Fort Lewis College breaks the ice
School’s first-ever traveling hockey club formed

Rocky Privratsky, of Golden, tries to get one past the goalie during early morning drills on Wednesday at Chapman Hill. FLC’s first home stint is Jan. 23-24 against University of New Mexico./Photo by Todd Newcomer.

At a time when most college kids are still hours away from hitting the snooze button, a handful of Fort Lewis College students are straggling into the Chapman Hill ice arena. Sporting oversized duffel bags, disheveled hair and razor stubble, they suit up into their hockey gear without much to-do. Perhaps this is because hockey is a tough sport - maybe a 5:30 a.m. wake-up call is no big deal in comparison. Or maybe the stoicism stems from the knowledge that, despite the ungodly hour, they are skating into history as the school's first hockey team.

"I was lying in bed asking, Should I go?'And why am I doing this?'" said senior James Temte, of Wyoming, as he taped up his socks. "But then I remembered."

Fellow senior Dave Herbst, of Austin, Texas, said it's the first step that's the hardest.

"It's not bad once you get out of bed," he said.

Although officially called a club, as required by the college during a sport's inaugural year, the team has already amassed around 15 players, almost enough for three strings. It is registered as a Division III school with the American Collegiate Hockey Association, and its 12-game season includes bouts against University of New Mexico, Western State College, University of Colorado and the Colorado School of Mines.

"They're pretty dedicated kids and pretty excited to get this team," said Barb Richter, an assistant coach. "Students have tried for several years to get a hockey team."

Richter, who comes from a speed-skating background and plays hockey with the city's rec league, was instrumental in getting the club off the ground.

"I knew from being around the kids that they were trying to get the club going but didn't have a lot of luck, so I told them I'd help out," she said.

Earlier this fall, Richter attended the school's club fair, where she set up a table and solicited new members.

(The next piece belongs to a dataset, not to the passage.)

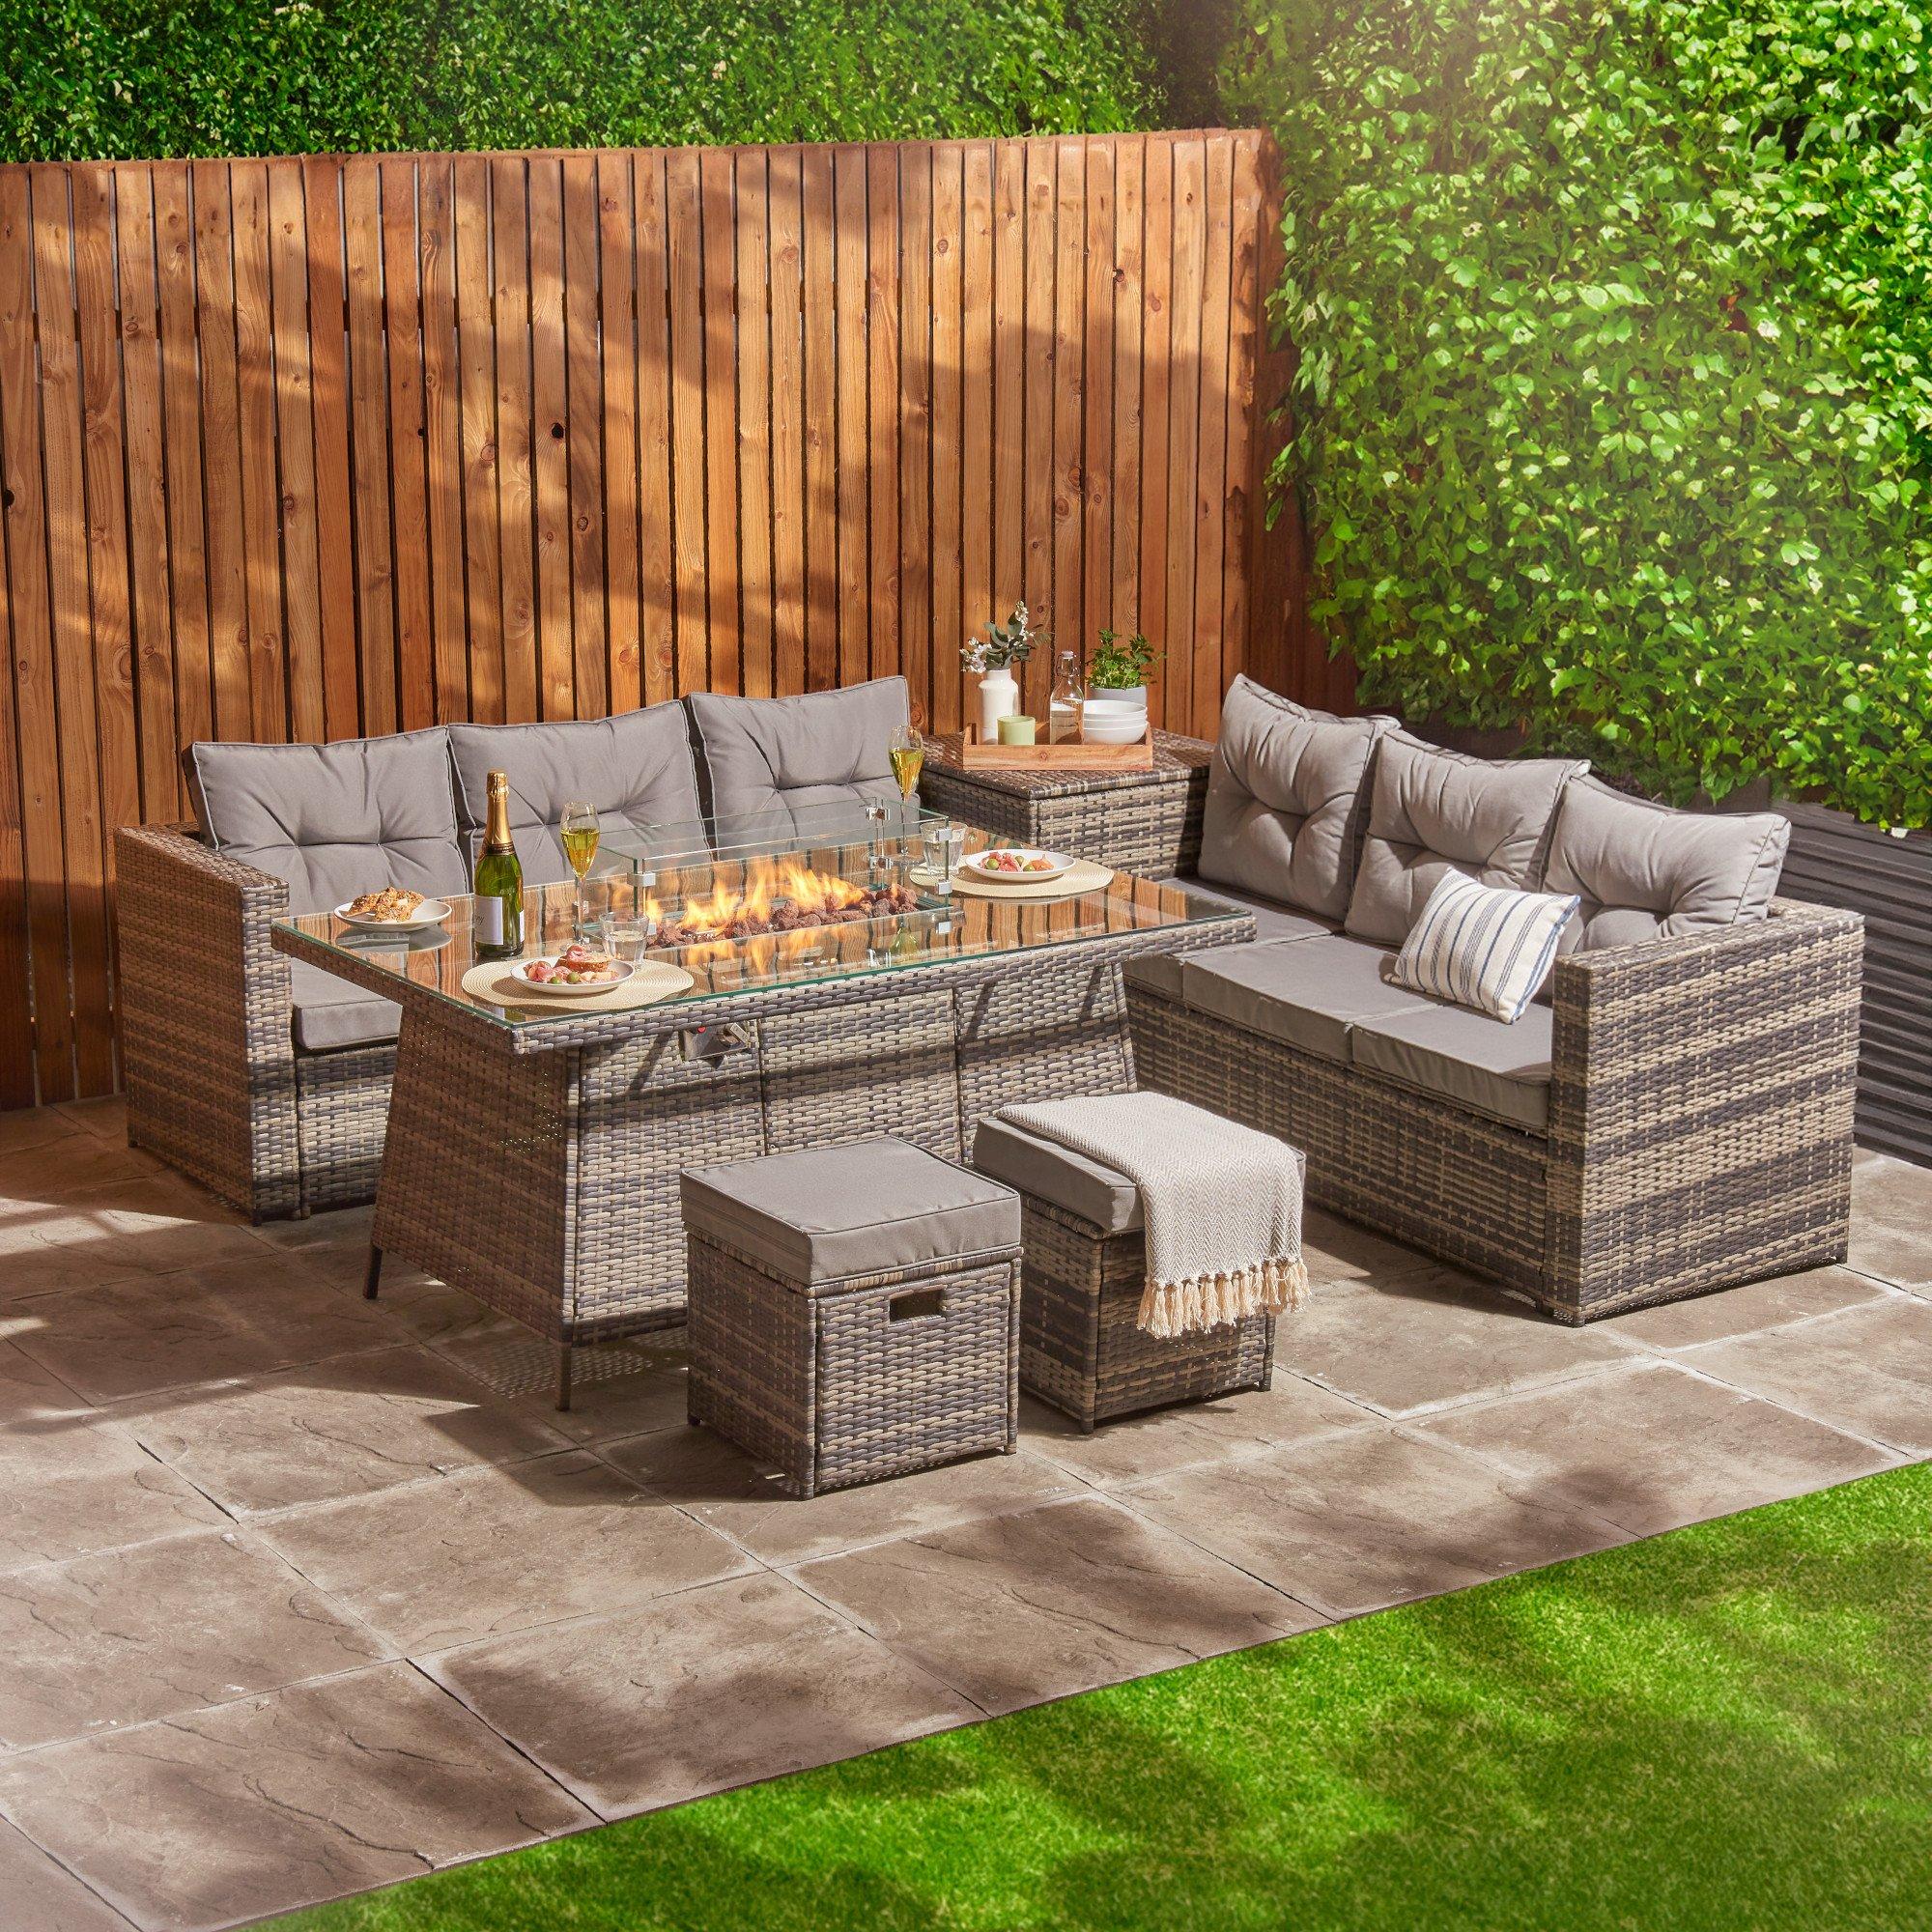 Rattan Garden Furniture With Fire Pit Table Corner Sofa Stools Patio Set
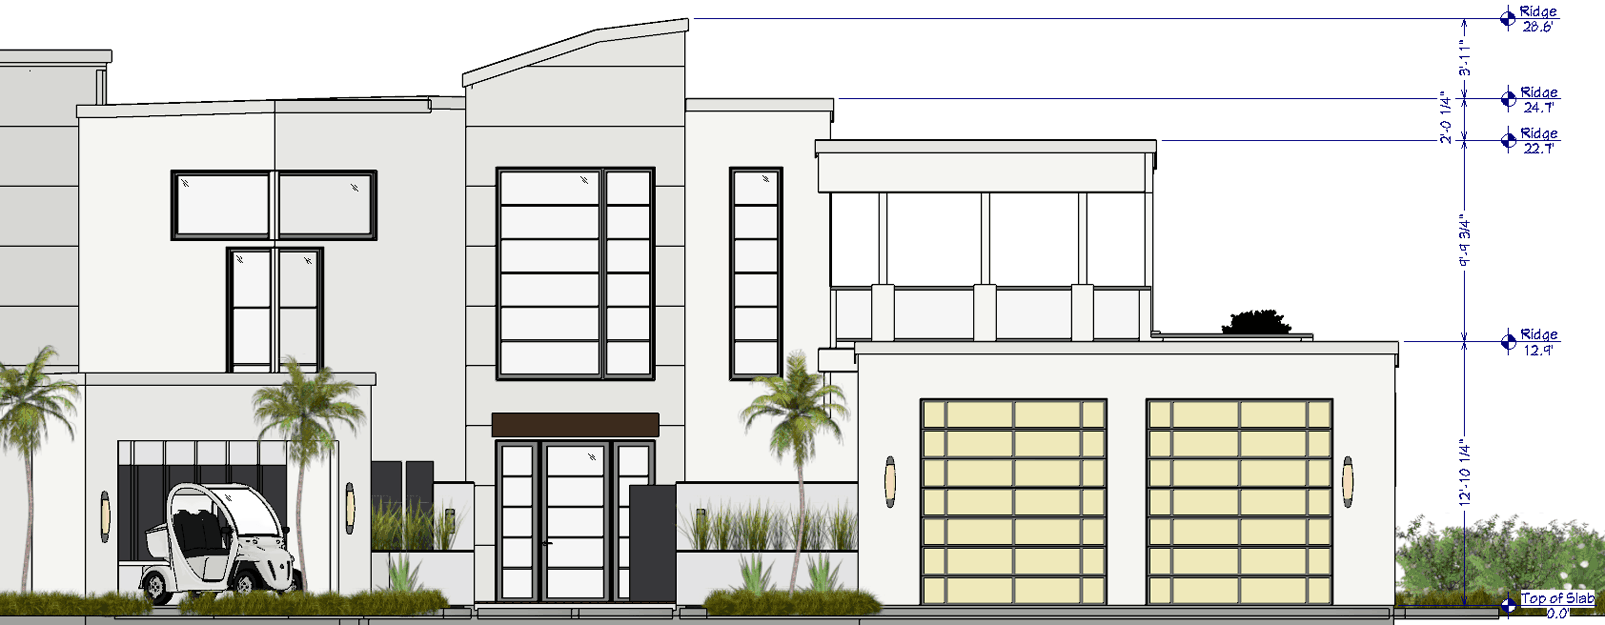 Exterior elevation with dimensions.

"I wore a hockey jersey," said Richter. "By the end of the day, I had 40 kids' names and phone numbers."

That was the easy part.

Being a club sport in its first year, the team does not receive any funding from the school. As a result, the team is forced to come up with its own money to cover costs such as uniforms, referees, ice time and travel. According to Richter, the team's budget for the upcoming season (which begins in January) is close to $15,000. Although each player must come up with $400 out of his own pocket, this still leaves a deficit of about $9,000, which must be earned through fund raising.

"It's intimidating to the kids, trying to figure out how to get $15,000," said Richter.

Fortunately, Richter, a personal trainer who easily clears 6 feet in her hockey skates, said she is undaunted.

"I've started businesses, so raising the money doesn't scare me," she said.

To help defray the costs, the team has scheduled several fund-raisers, including a silent auction before its first home game on Jan. 23 against UNM. It also is planning on selling FLC Hockey T-shirts, sweats and hats and a hockey school for next fall is in the works.

Richter said she took a lot of cues on getting going from her friend and FLC cycling coach, Rick Crawford, who holds a similar camp to help raise money for the cycling club.

Head Coach Stan Schler, who coached hockey for several years in the Denver area before moving to Durango, said he realizes the first year will be difficult, but he is optimistic.

"It's kind of tough with a new team because you've got to pay to play," he said. "But it's going to turn out to be a good thing. I'm happy with the caliber, and the guys' attitudes seem good."

And with any luck, the team will return next year with some financial backing from the school, a full schedule of 19-20 games and possibly a berth in the play-offs.

"We're hoping to be good enough to go to Nationals," said Richter. "Some of the players are pretty darn good; some have played at this level before."

Of course, with a full season and playoffs in the picture, she expects the budget to increase accordingly.

"It could easily be doubled next year," she said.

For now, though, the team is focusing on the season at hand and possibly getting that 6 a.m. practice moved to a more reasonable - but expensive - time slot. But regardless of what time they practice, Richter said the enthusiasm is always there.

"It's so fun to work with them because they are so excited," she said, adding that the feeling is contagious. "I feel like a hockey mom."